Output the data below exactly, images excluded.

RECORDED DATA:
:::::
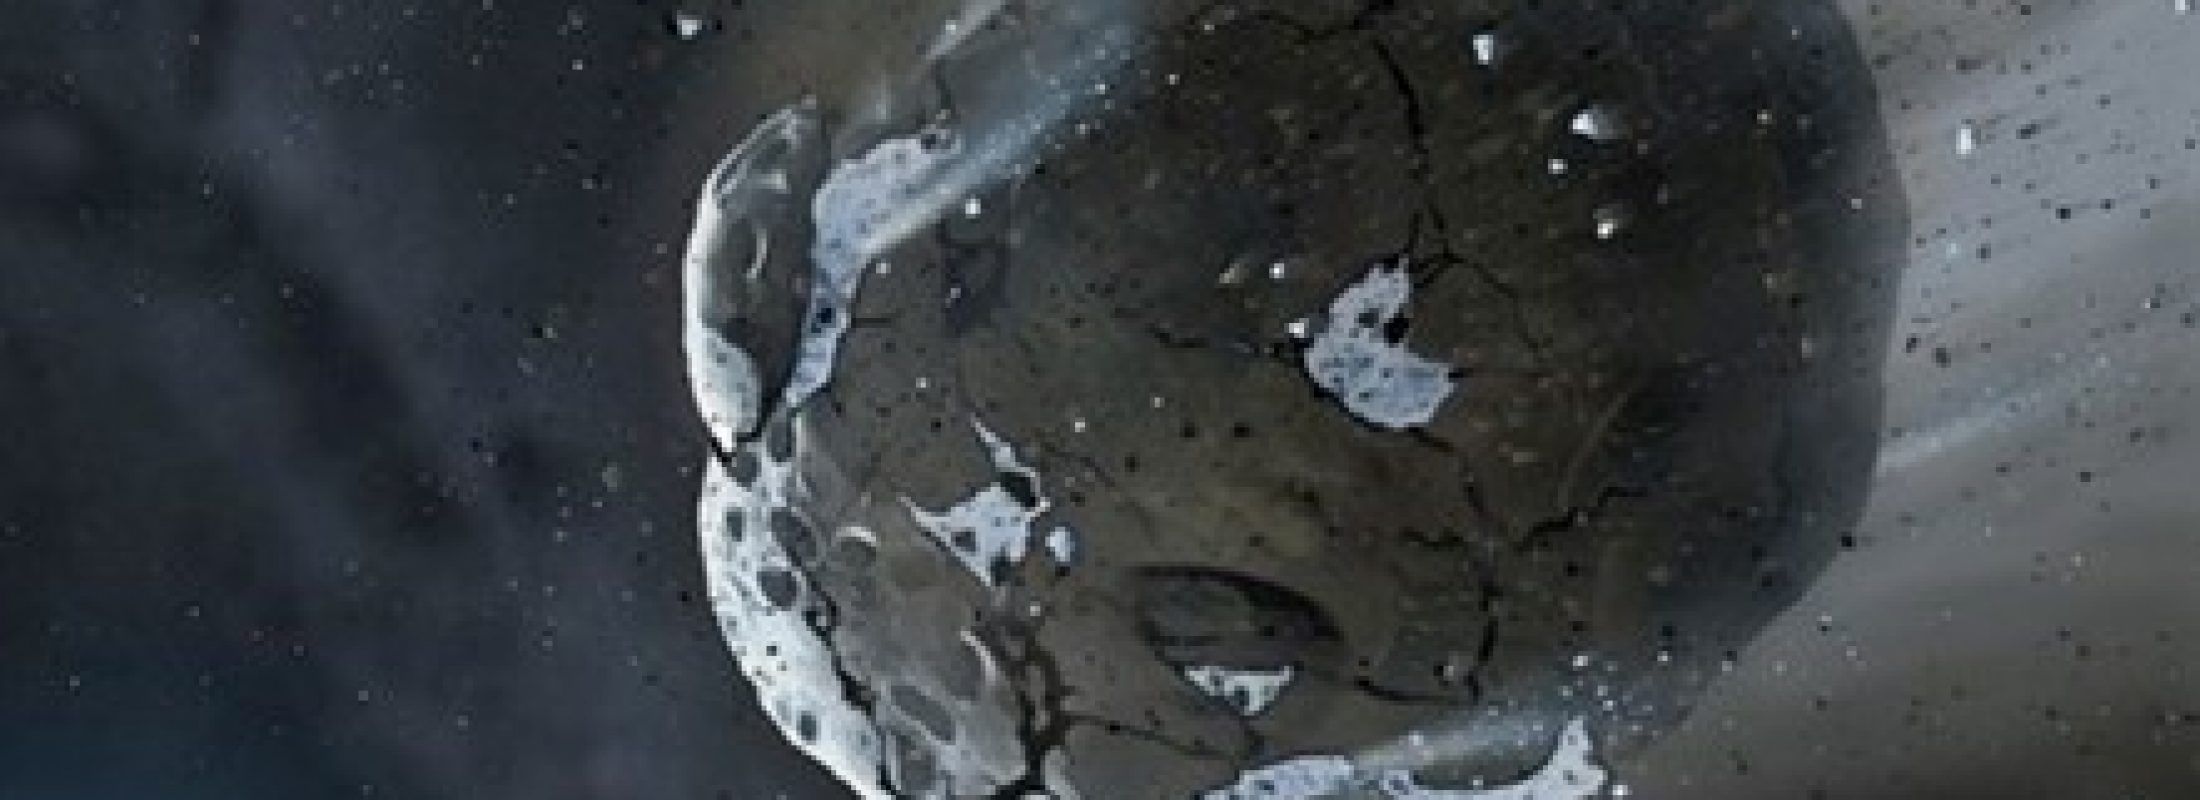 NASA uyardı! Başımıza taş yağabilir
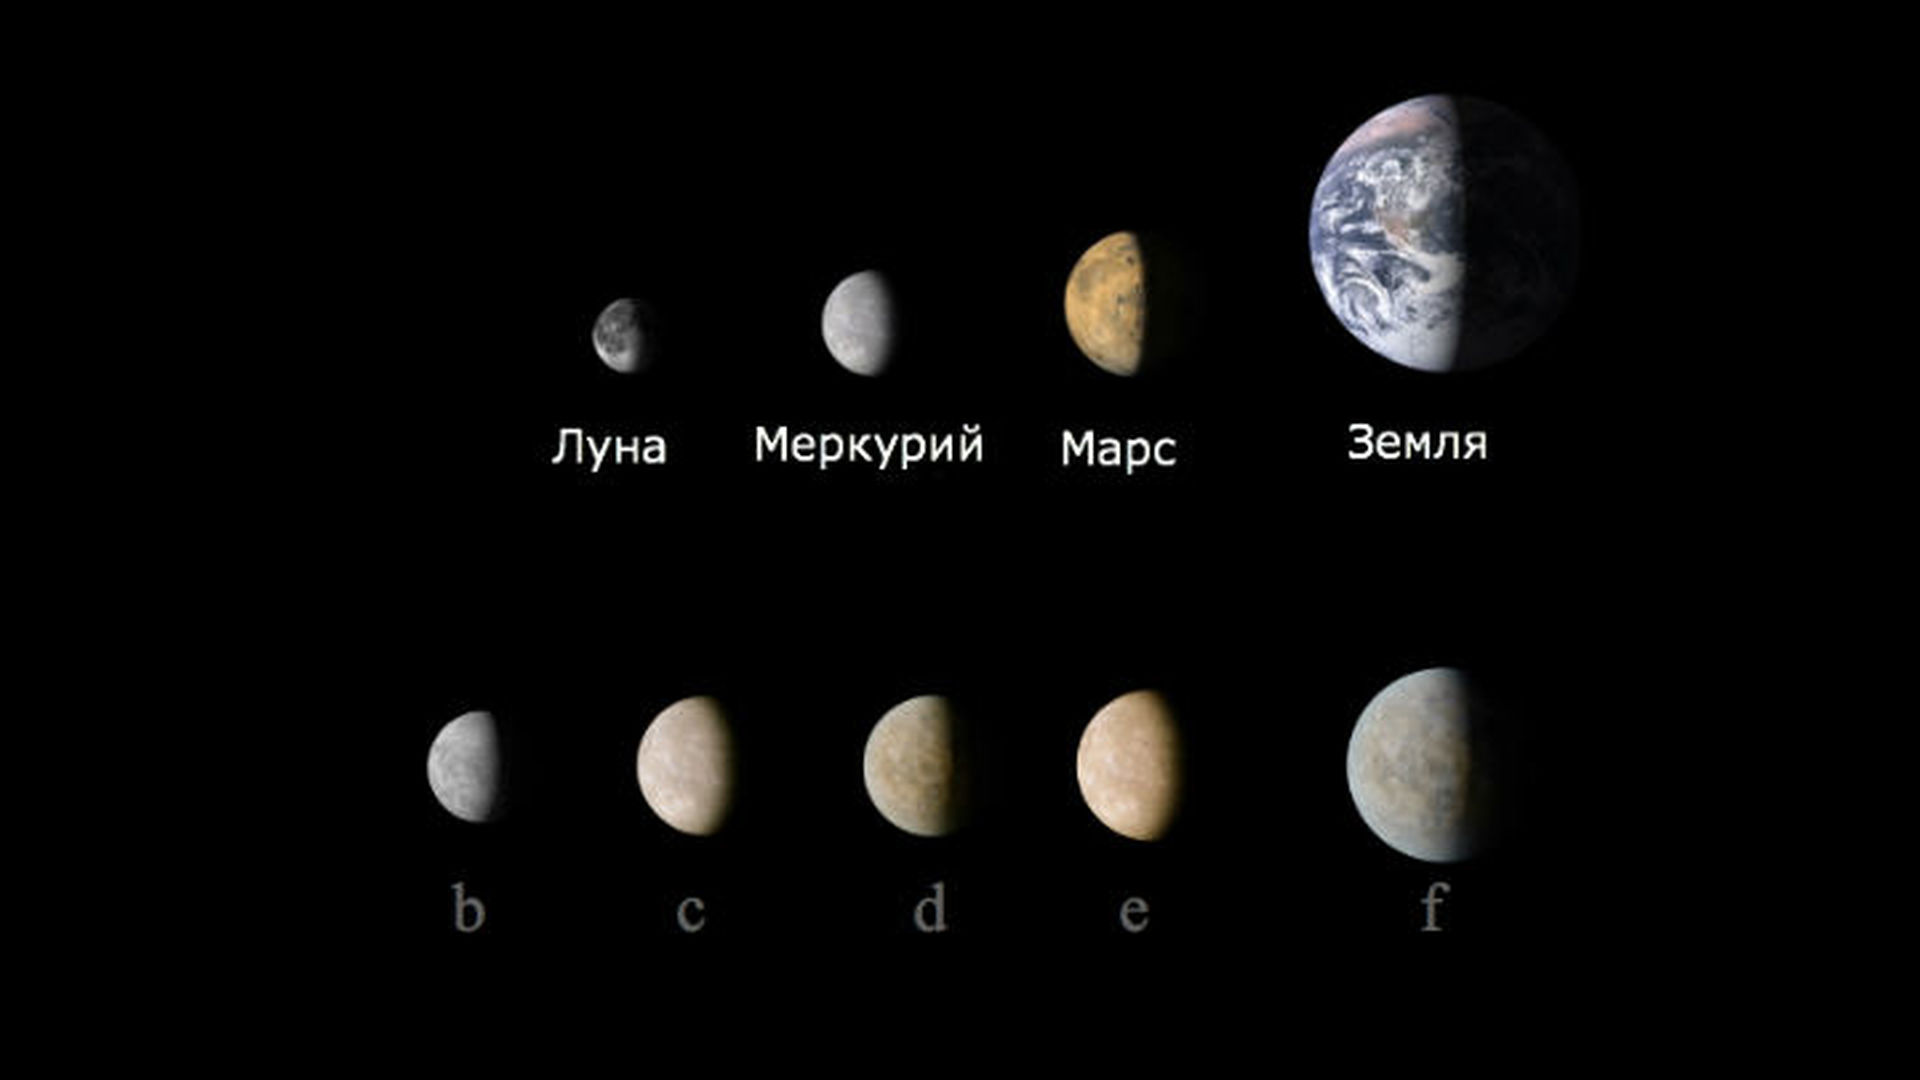 mars compared to mercury - 720×540
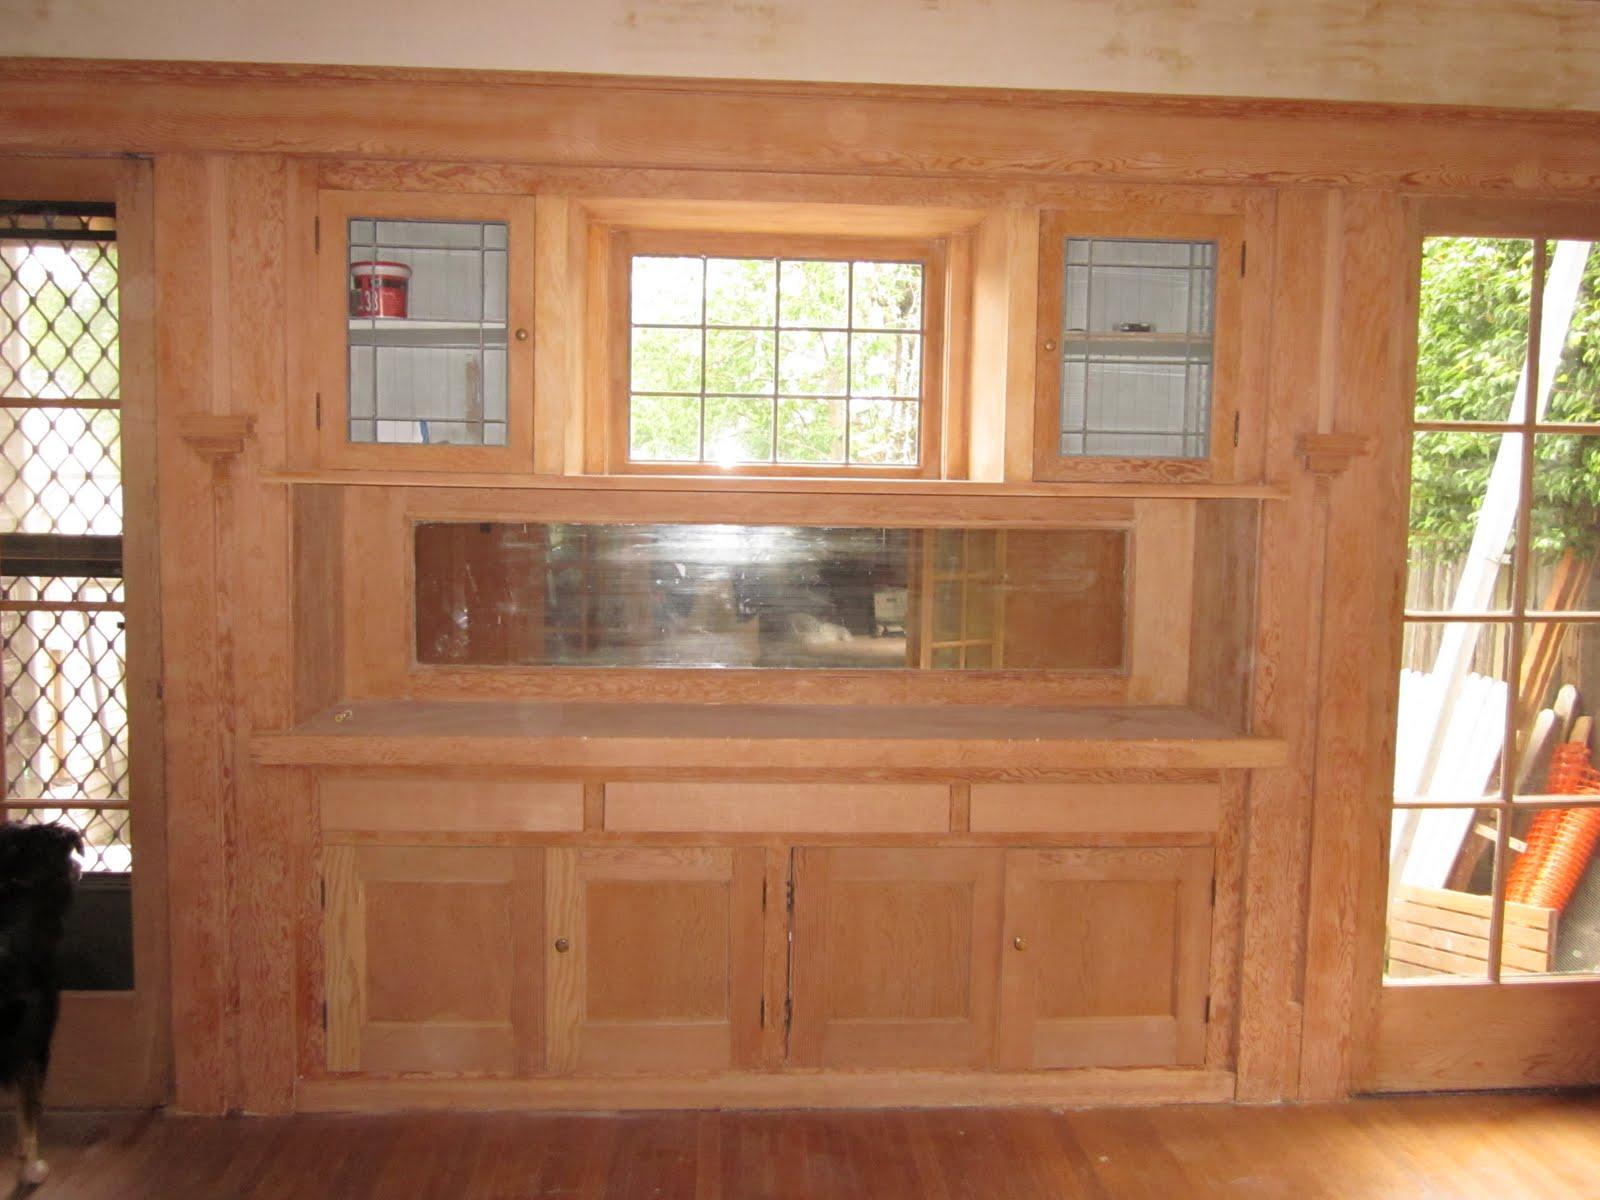 Laurelhurst Craftsman Bungalow: Dining Room After Photos
:::::
WORKED SOLUTION:
 NASA uyardı! Başımıza taş yağabilir
 mars compared to mercury - 720×540
 Laurelhurst Craftsman Bungalow: Dining Room After Photos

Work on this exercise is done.